How travel companies use web data to win customers
In this article, we will discuss:
- The challenges of collecting data in the travel industry
- How companies are using web data to supercharge operations
The challenges of collecting data in the travel industry
Competitor intelligence difficulties
When attempting to collect real-time travel data (such as pricing and bundles) from target sites, the two main challenges are:
One: Competitor sites block data collection when they detect too much traffic from a single IP address (i.e., ‘rate limitations’).
Two: Gaining access to GEO-specific information tailored to target audience needs. Many sites either distort information or block requests that originate outside of their geography (i.e., a hotel in New York trying to see how prices appear on Japanese OTA’s to consumers).
The main challenges when using an API for data collection in general and specifically in the context of the travel industry include:
- Stale Data – This means that the data being retrieved is not the most up-to-date version committed by the target site but rather the last cached version of the information. This can cause issues for a travel package company trying to offer the most competitive offer on the market yet basing deals on information that is a day old, for example.
- Concurrent requests – Many APIs put a limit in terms of how many active sessions a user can run simultaneously. This can be a major constraint for an OTA that needs to scan hundreds or thousands of industry sites at the same time in order to remain competitive.
- API Calls – This is another quantitative limitation as many APIs limit the number of calls that can be sent over a certain period of time. This means that instead of being able to monitor the web freely for new travel trends and consumer behavior, travel sites need to pick target data with a fine tooth comb and calculate precise batch sizes. This can severely limit the amount of data-driven opportunities that a company is able to potentially discover.
- Batch Size – Batch size limitations can also be on the target site end of things. If a target site limits batches to 100 records per request, then it will take 10 data requests in order to complete a job. What this effectively means is that the retrieval of information is slower, i.e., a company’s ability to pivot, react/act proactively in light of market shifts becomes stiffer.
How companies are using web data to supercharge operations
Company #1: A hotel chain wondering how rates are being displayed on third-party distribution channels
The company: This is a mid-sized hotel chain located in the US. They mainly cater to leisure customers and, as such, are very reliant on OTA-based web traffic where most of their customers discover, and book rooms.
The challenge: Since they are reliant on third-party sites for bookings, they cannot control how much vendors display their rooms for. OTAs notoriously cut prices without telling establishments and make up for the discrepancy by raising prices on other listings.
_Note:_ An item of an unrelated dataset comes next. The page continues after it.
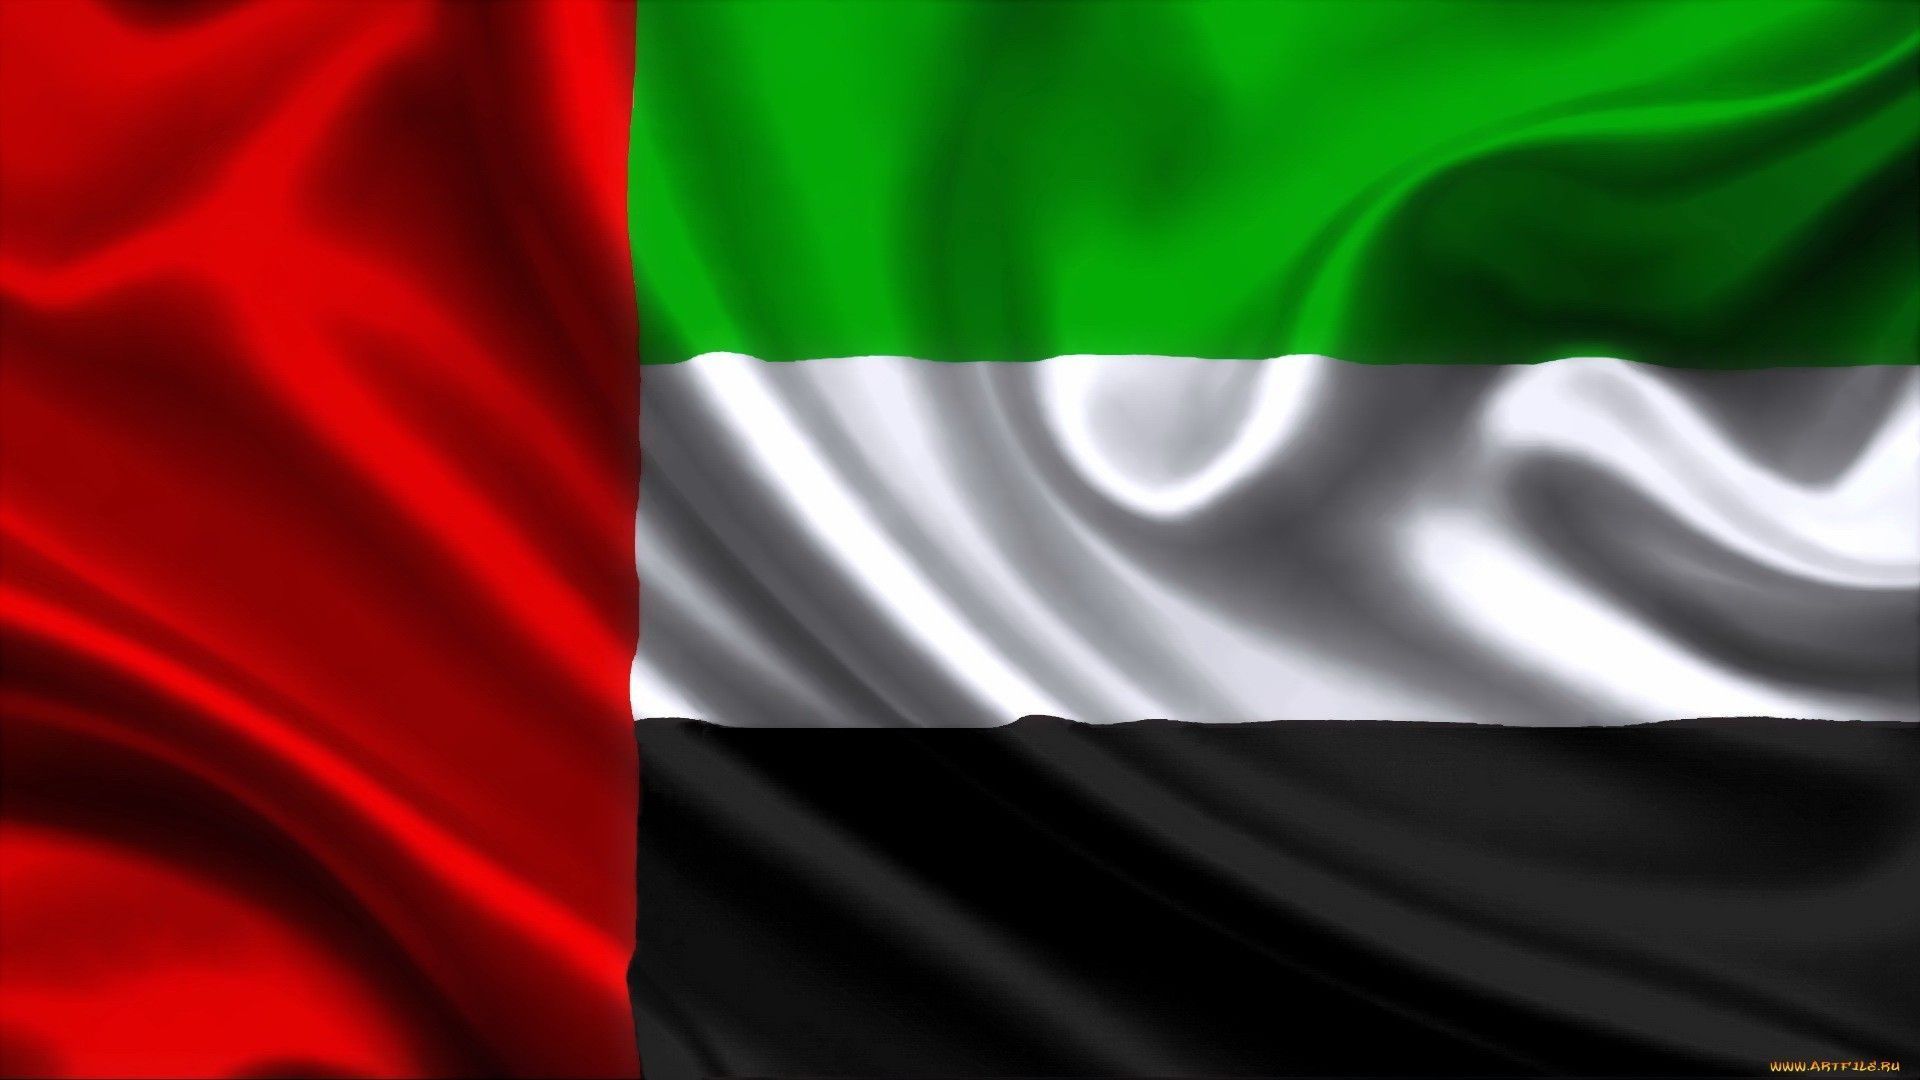 UAE Flag Wallpaper Free UAE Flag .wallpaperaccess.com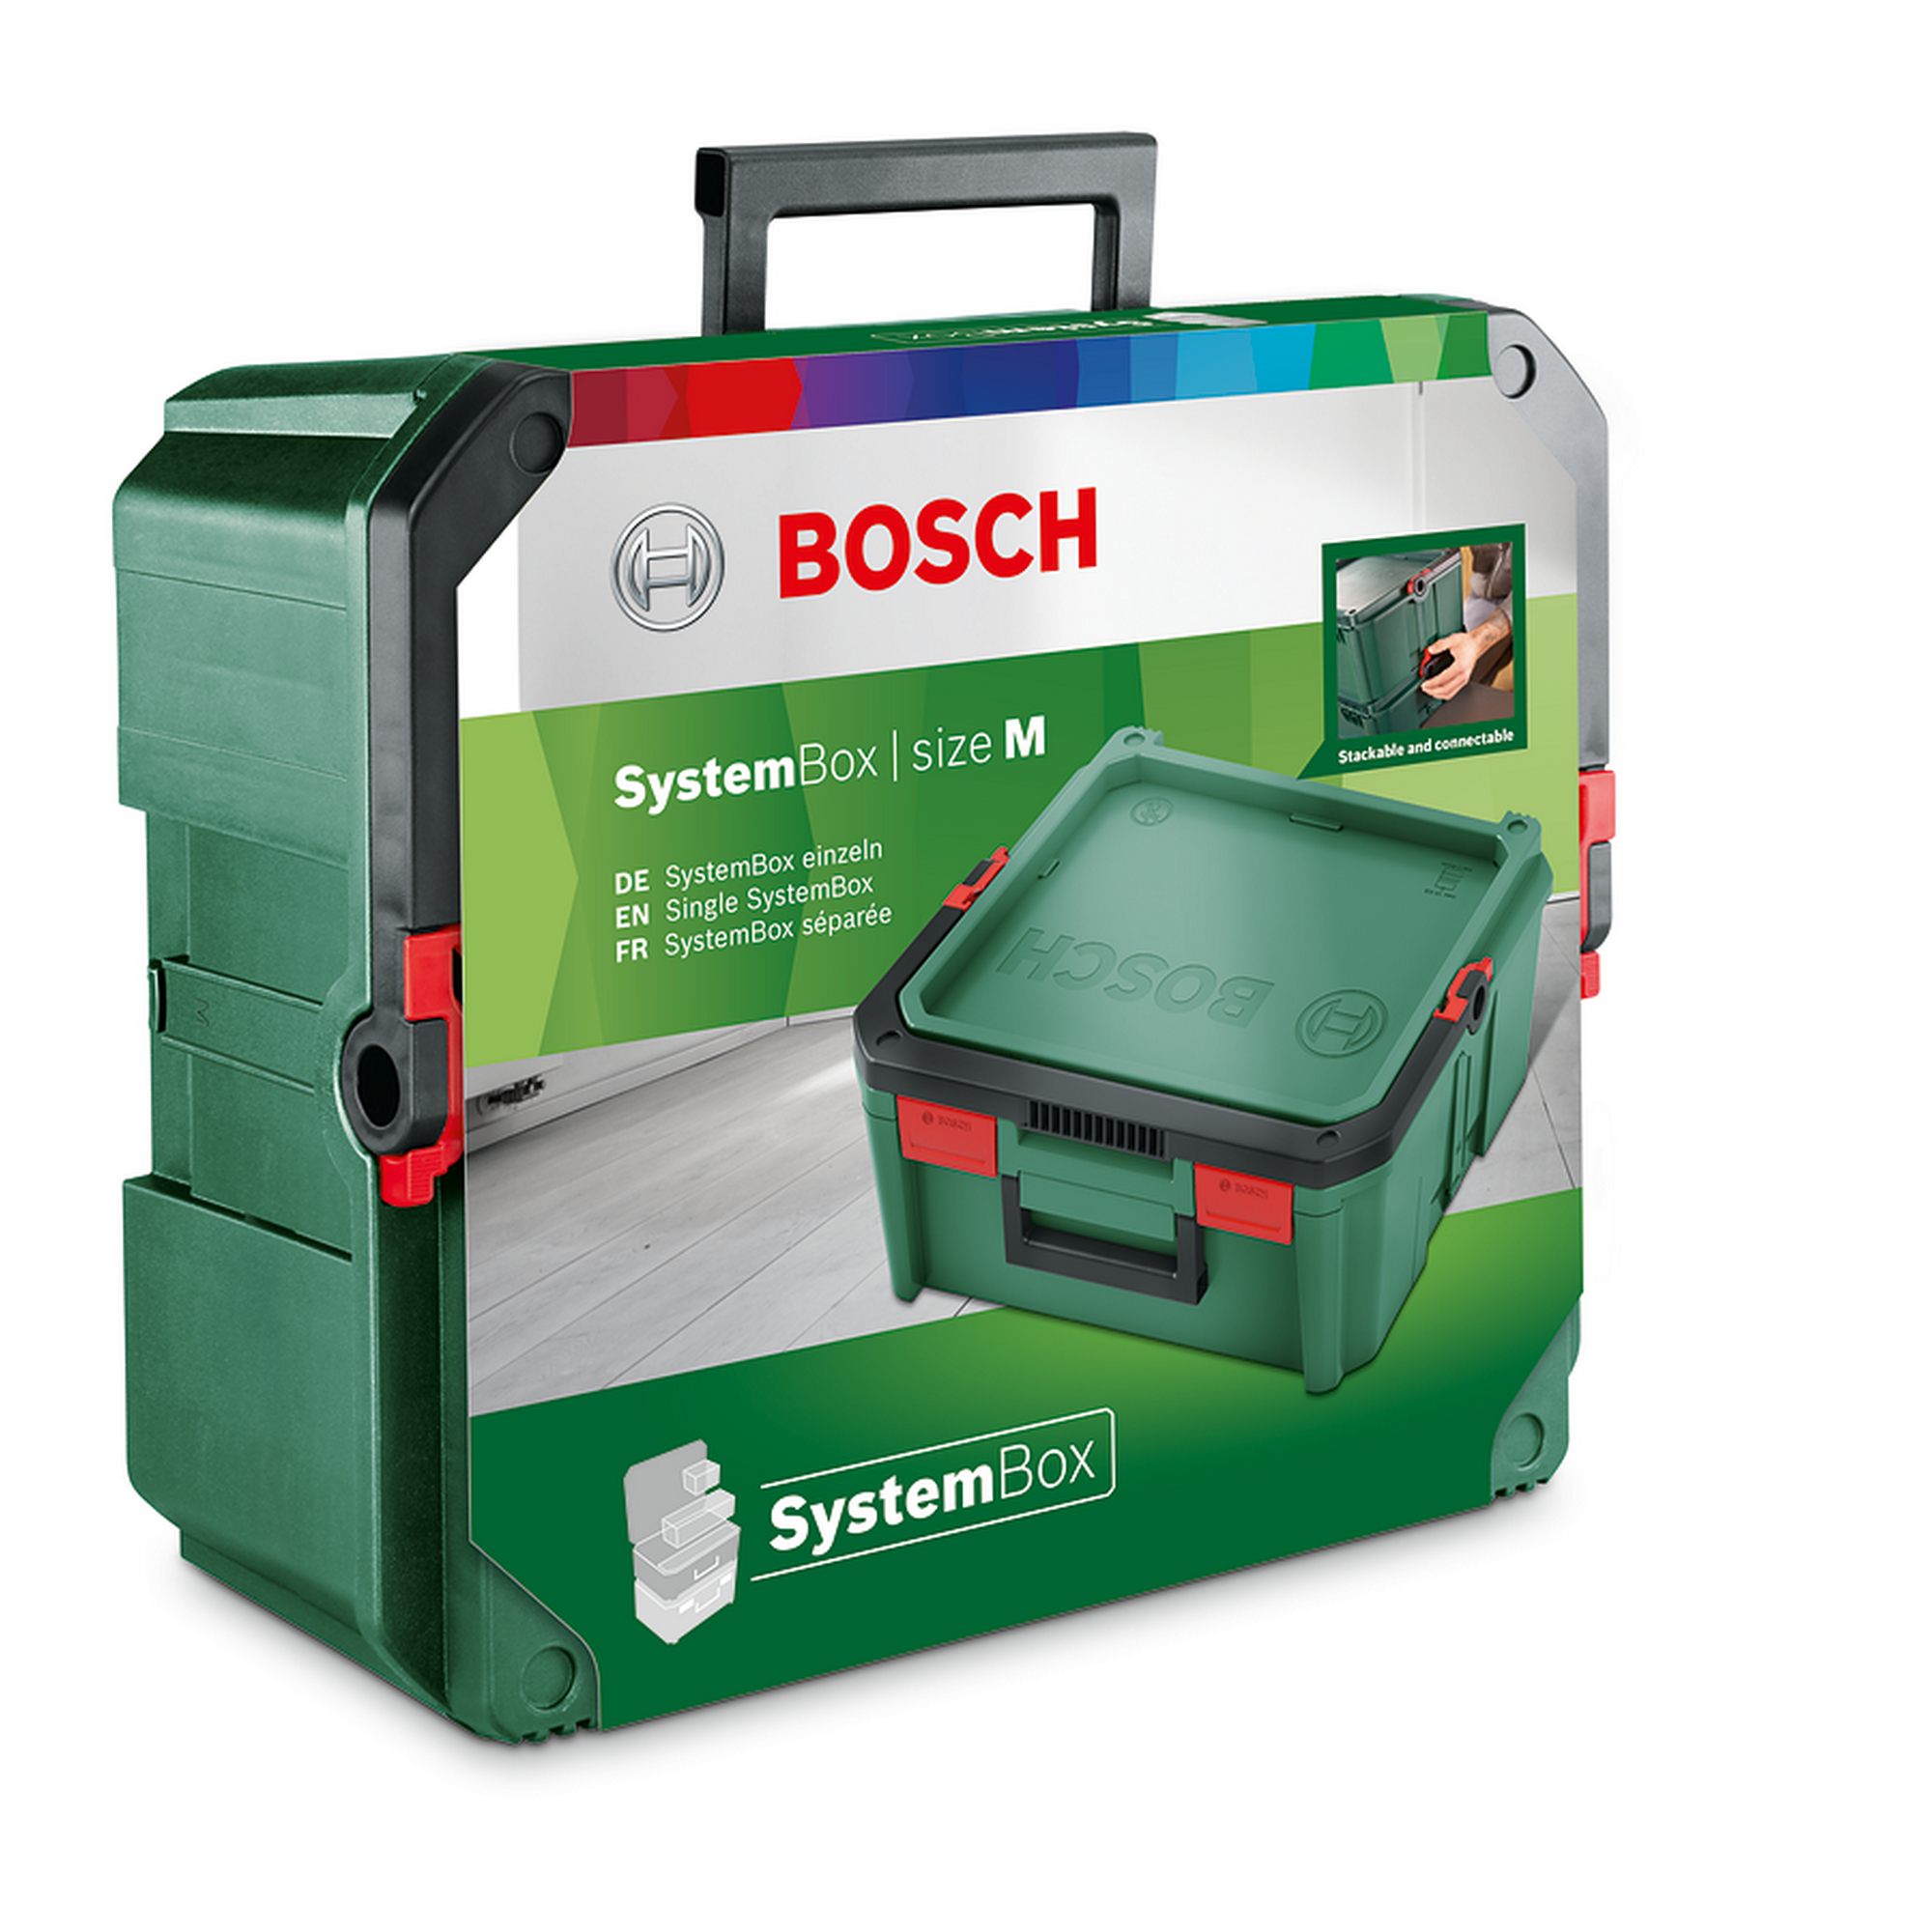 Einzelne SystemBox grün 34,3 x 39,1 x 17,1 cm + product picture

This is a strategy in order to convert customers in certain situations, which is good for the OTA but flutes the hotel’s brand.
The hotel chain would like to call out the OTA on this and use their legal department to ask them to stop as these practices are in breach of their operating agreement. But before they can do this, they need to collect this information so that they can prove their claims. The only issue is that the hotel’s technical team is using an outdated API that has trouble sending out ‘concurrent requests’ to all third-party sites and also very often receives ‘stale data’.
The Solution: The company is now using a data collection network that provides them with access to their Rotating Residential IP network. This is a global network of IPs that belong to real individuals located in countries and cities across the globe. The hotel is now able to send an unlimited amount of concurrent requests as each request is routed through a different device.
Data is highly accurate and retrieved in real-time as this proxy network has very low latency and does not access cached information but rather obtains it directly from the live target site.
The outcome: The company is now able to ensure that all third-party vendors are maintaining prices that do not fall below pre-defined and agreed-upon rates.
Company #2: An Online Travel Agency (OTA) wondering how competitive their offers are
The company: This is an OTA that offers travel bundles including flight, rental car, and accommodations. They have many competitors across the board and operate in an ecosystem that is constantly changing and evolving.
The challenge: The company has interests in many geolocations and, as such, needs to collect real-time information on how their competition displays similar offers to different target audiences. But accomplishing this is not so easy as their head office is located in Germany. They can retrieve information from competitor sites, but very often, their IPs get blacklisted due to sending too much traffic to a target site. Other times, they cannot access a site in China, for example, using a German IP address.
The Solution: This company has decided to use a tool called Web Unlocker, which enables them to automate the process of IP rotation as well as using Machine Learning (ML) algorithms in order to solve and circumvent target site blocks and restrictions.
The outcome: This OTA is able to better compete and offer bundles that are better suited to the ecosystem within which they operate. Their systems are now updated when competitor bundle offers change, allowing them to strategically pivot where they deem necessary.
The bottom line
Many companies in the travel sector struggle at the API level with stale data and concurrent requests. Others are finding it difficult to obtain competitor information in real-time in order to grab increased market share. Using a data collection network that can help you improve your data collection capabilities and success rates can help your company shine in a very crowded market.